The Planet Earth has a radius of 6,371 Kilometers and a diameter of 12,742 Kilometers. A planet with half the diameter of the Earth, or 6,371 kilometers, would have one eighth the volume. If that planet had the same average density as Earth it would have one eighth (0.125) the mass of Earth.

For a planet to have one half the mass of Earth and the same average density as the Earth, it would have to have half the volume of the Earth. Thus it would need to have approximately 0.7937 times the diameter of Earth, about 10,113.3254 Kilometers, to have a volume of about 0.499999006 that of Earth.

Compare those figures with the minimum masses for a planet to keep and/or to produce a breathable oxygen rich atmosphere which are given below.

Long, long ago, back in 1964, a book was published with a scientific discussion of what is necessary for a planet (or other world) to be habitable for humans.

Habitable Planets for Man, Stephen H. Dole, 1964, 2007. I don't know if the 2007 edition was updated with more recent scientific information.

https://www.rand.org/content/dam/rand/pubs/commercial_books/2007/RAND_CB179-1.pdf[1]

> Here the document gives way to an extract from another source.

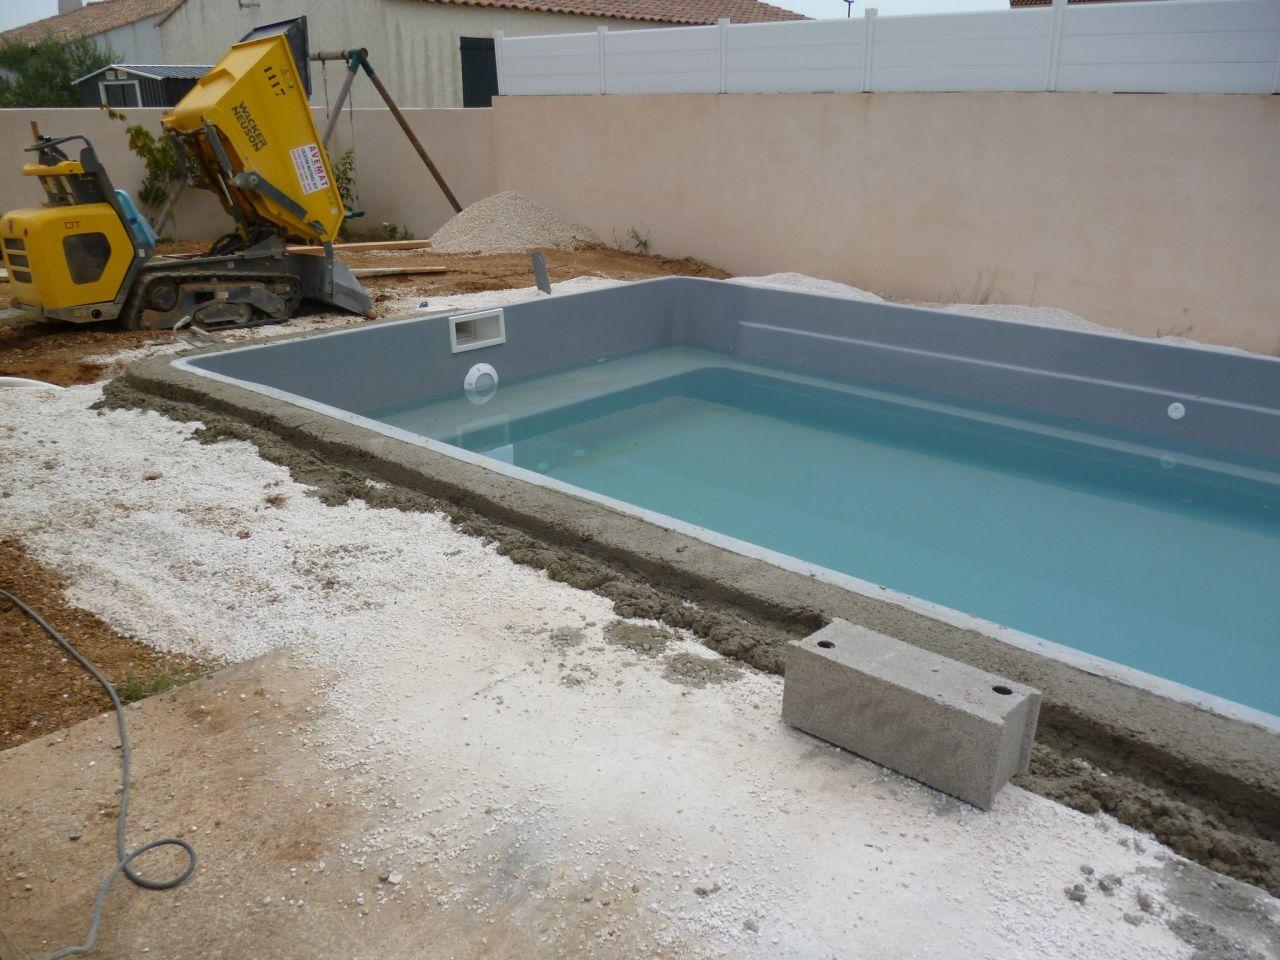 Photo ceinture b ton construction pose de la piscine for Ceinture beton piscine

There have been many more recent discussions of the habitability of other worlds using more recent and advanced science. But as far as I know most or all of those discussions are about habitability for life in general, not habitabilty for the more specific case of humans and life forms with similar requirements. On Earth, for example, many or maybe even most lifeforms flourish where humans would swiftly die.

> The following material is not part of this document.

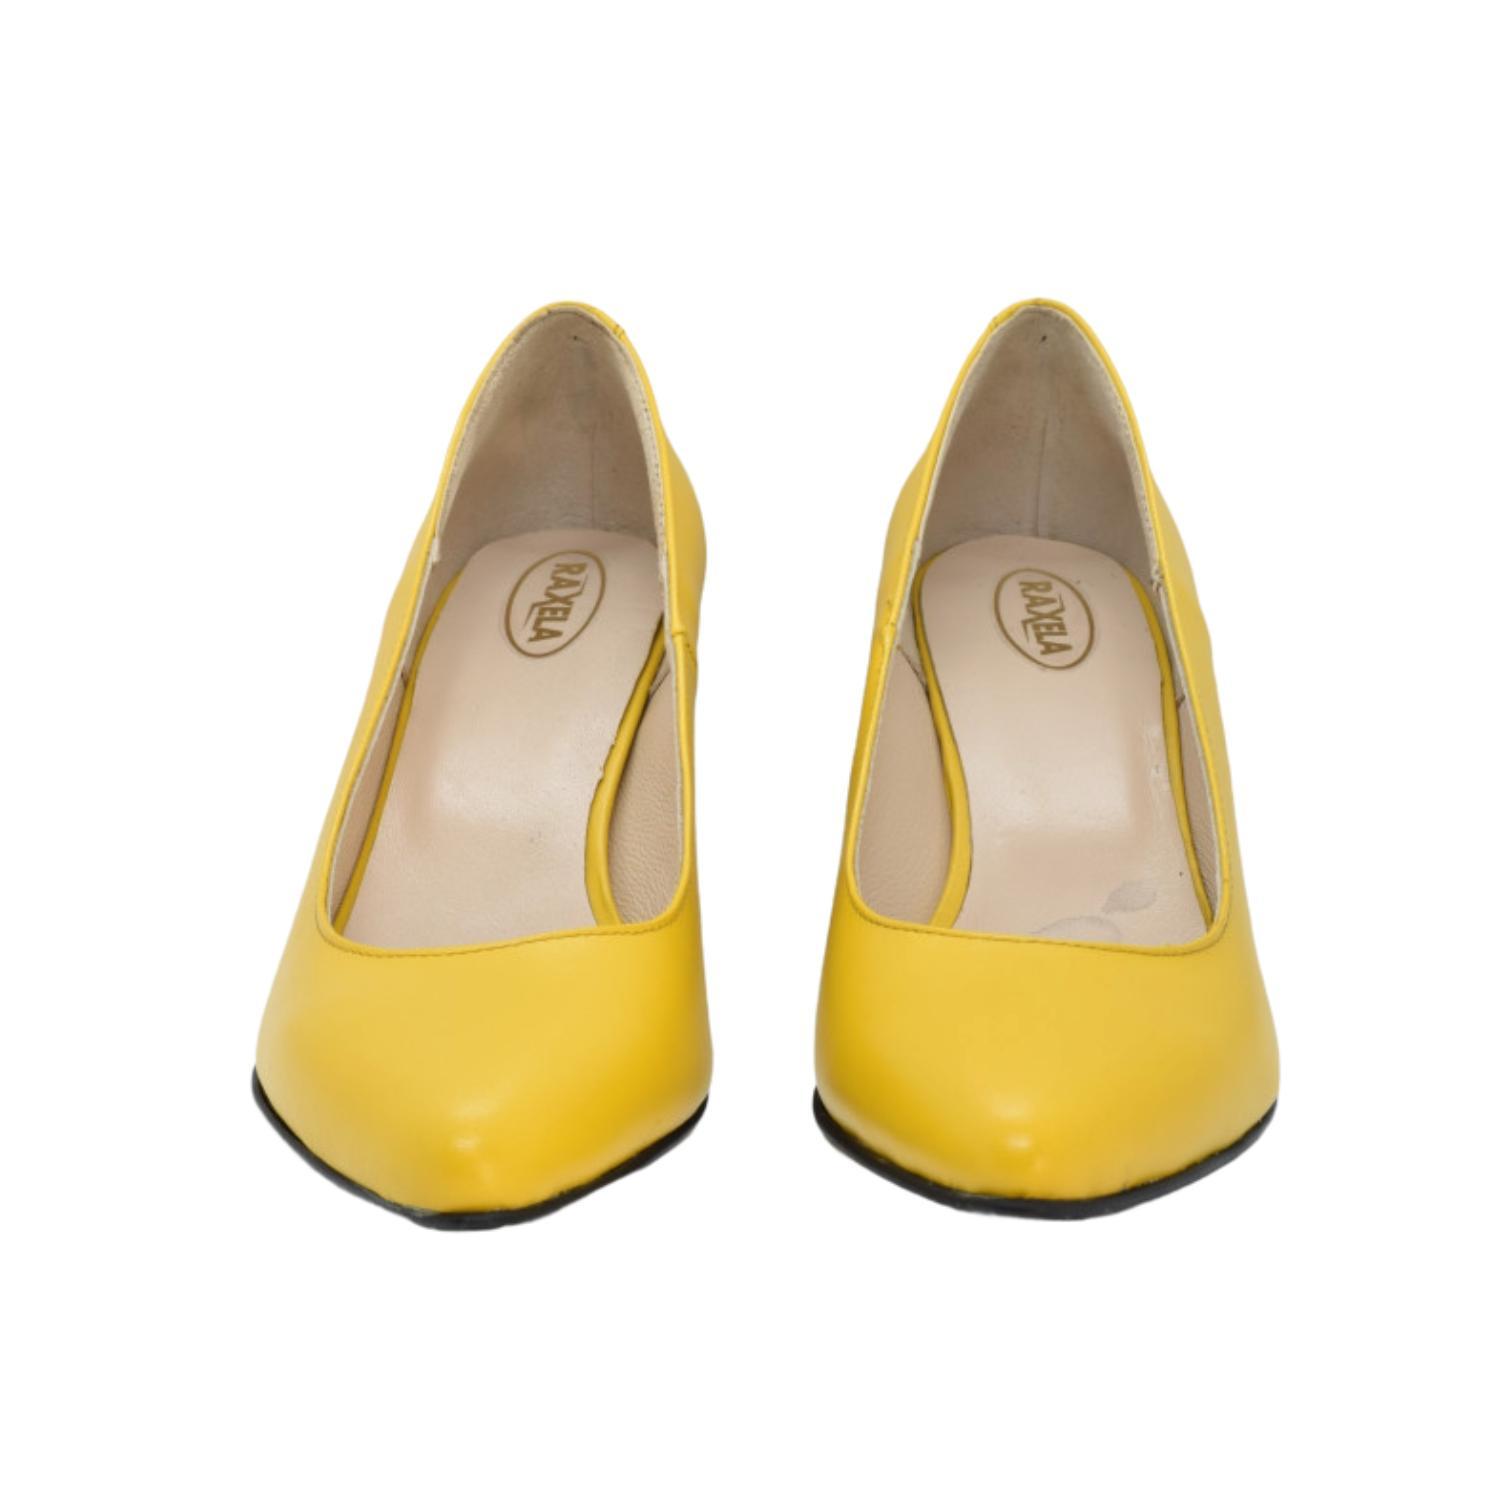 Pantofi galbeni cu toc colorat abstract

On pages 53 to 58, Dole discusses how massive a world would have to be to retain a dense enough atmosphere of oxygen. On page 54 Dole concludes that a planet would have to have an escape velocity of 6.25 kilometers per second to retain an oxygen atmosphere for geological time periods. That corresponds to a planet with:

a mass of 0.195 Earth mass, a radius of 0.63 Earth, and a surface gravity of 0.49 g.

A radius of 0.63 Earth is a radius of 4,013.73 kilometers or a diameter of 8,027.46 kilometers.

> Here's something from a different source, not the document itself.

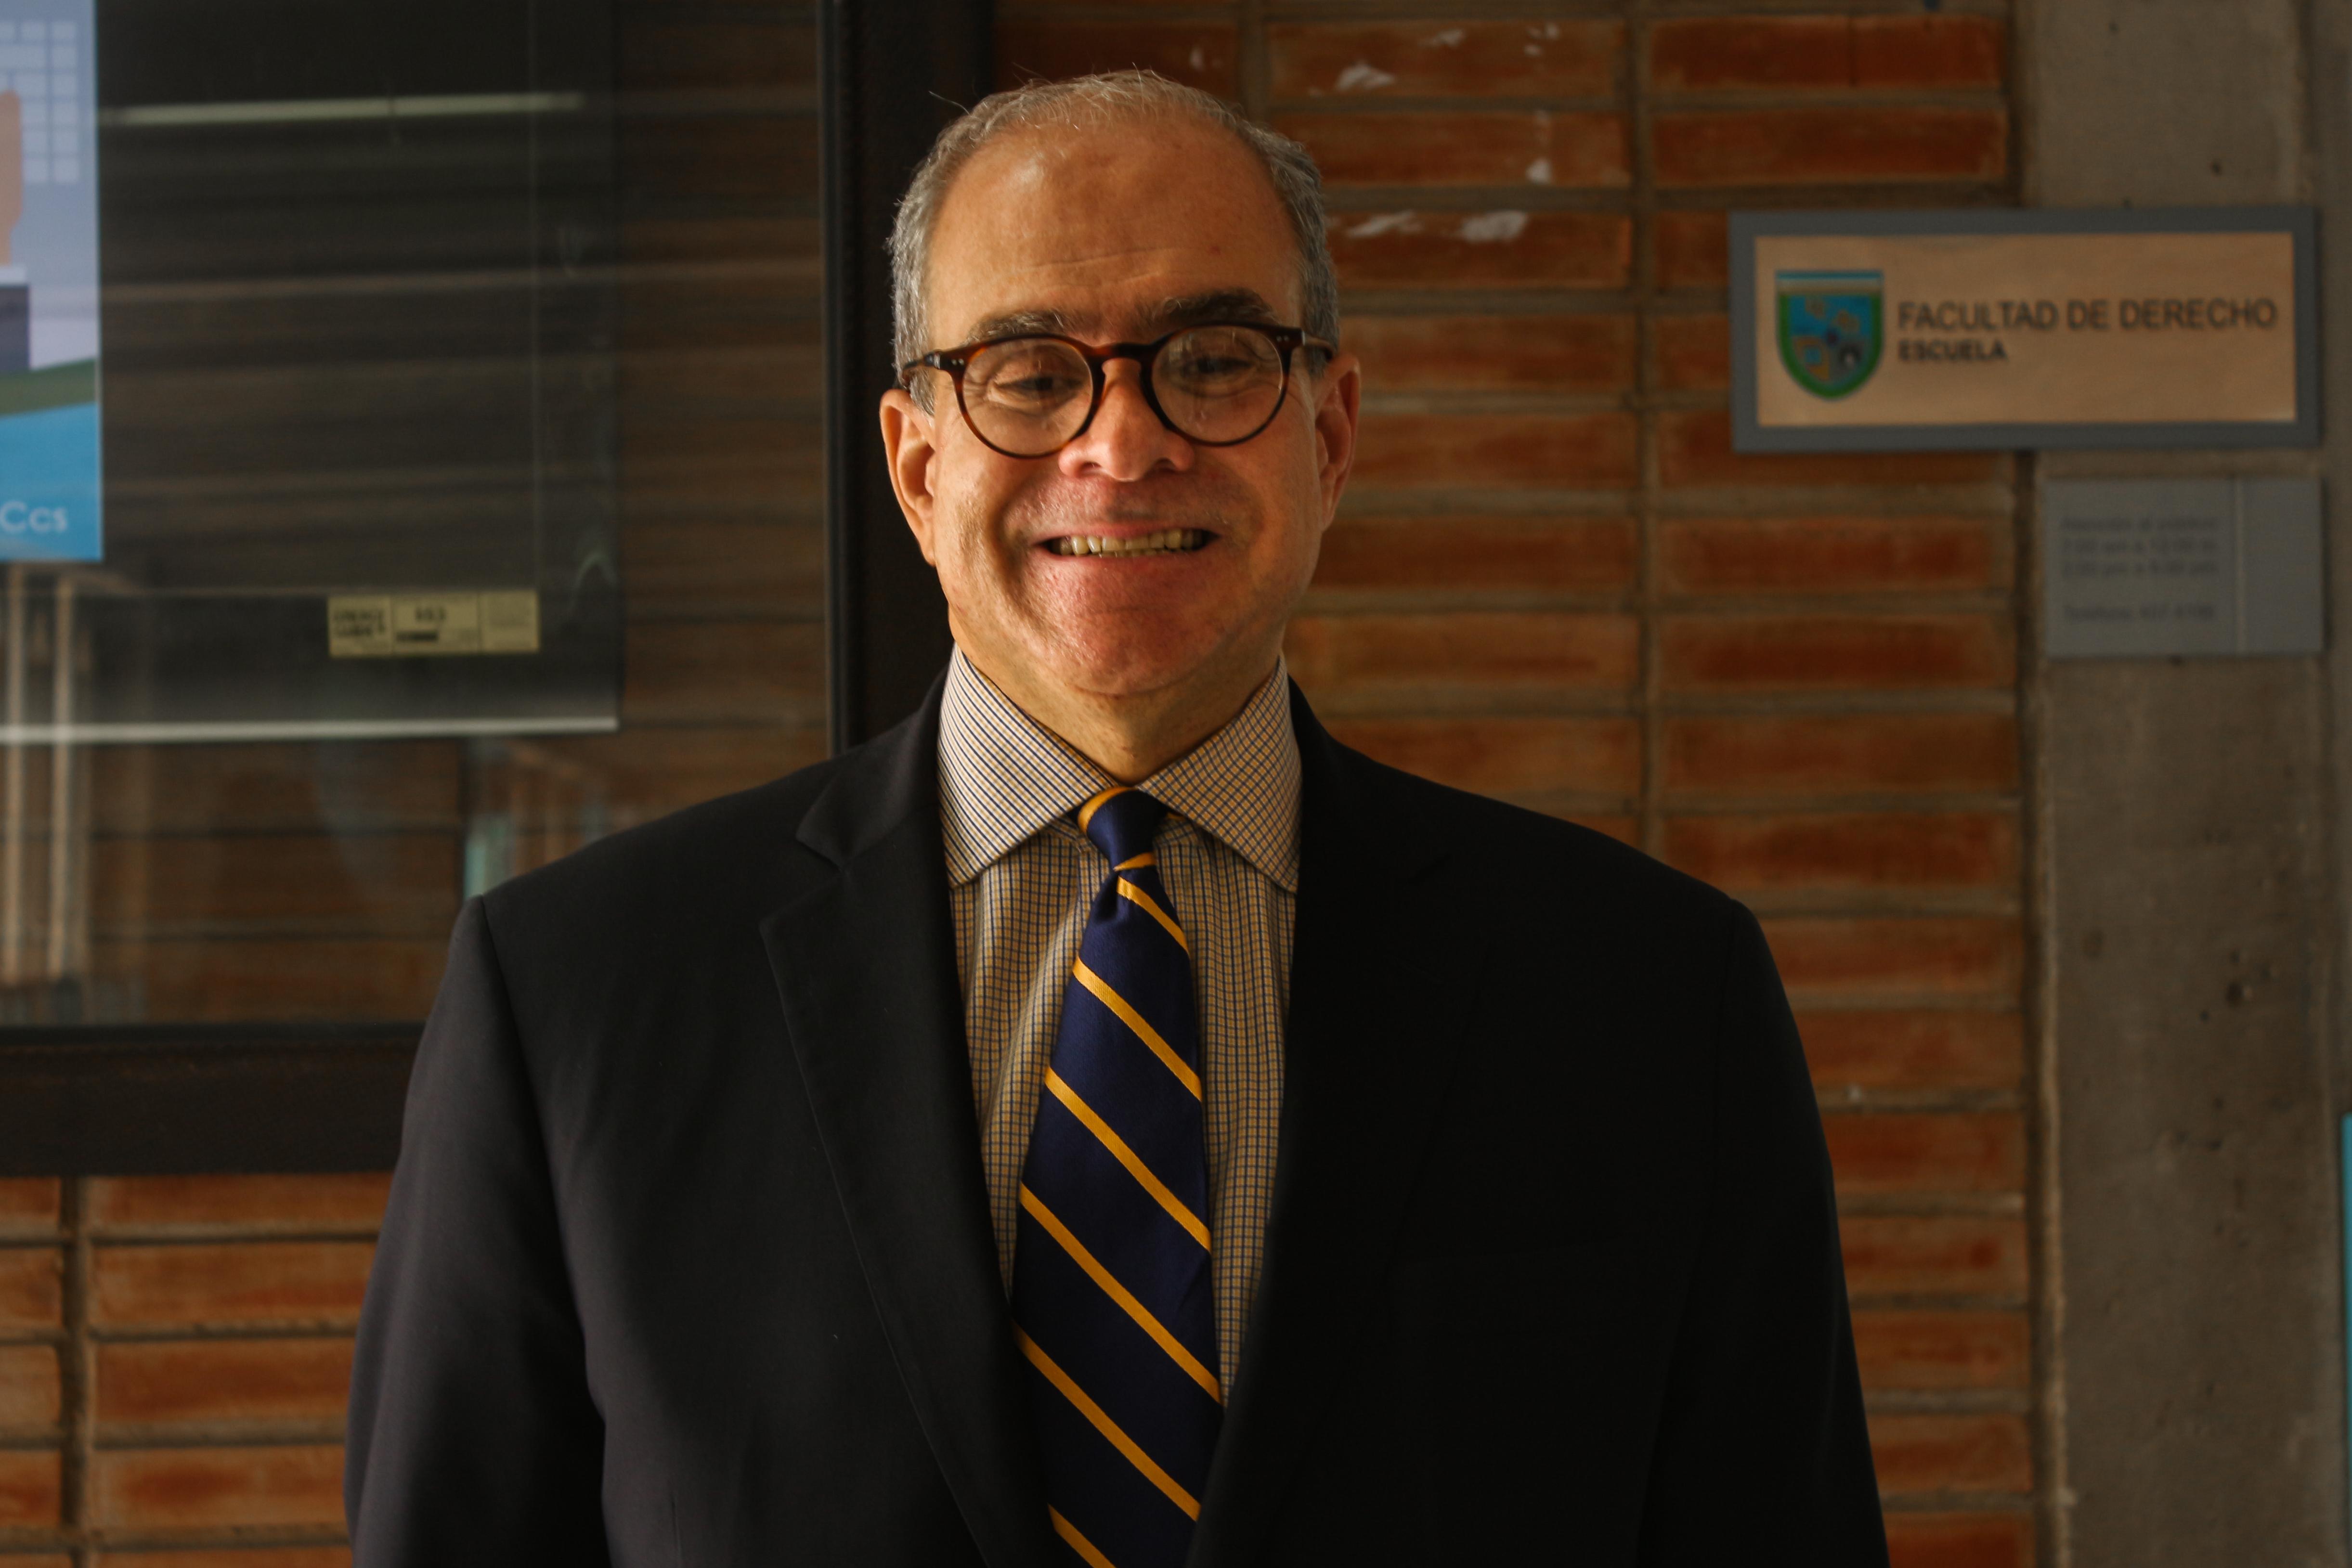 Profesores que inspiran: Pedro Planchart

Dole believed that a planet of that size could retain an oxygen rich atmosphere, but could not produce one. If Dole was correct, a planet of that size could only have an oxygen rich atmosphere if it was terraformed to have such an atmosphere by a highly advanced society.

Dole made two different calculations of the minimum mass that might be necessary for a world to not only retain an oxygen rich atmosphere but also to produce one. One was a mass of 0.25 Earth mass, and the other was a mass of 0.57 Earth mass. Dole considered those masses to be inaccurate, and settled on a mass of 0.4 Earth mass as the minimum mass required to produce an oxygen rich atmosphere.

This corresponds to a planet having a radius of 0.78 Earth radius and a surface gravity of 0.68 g.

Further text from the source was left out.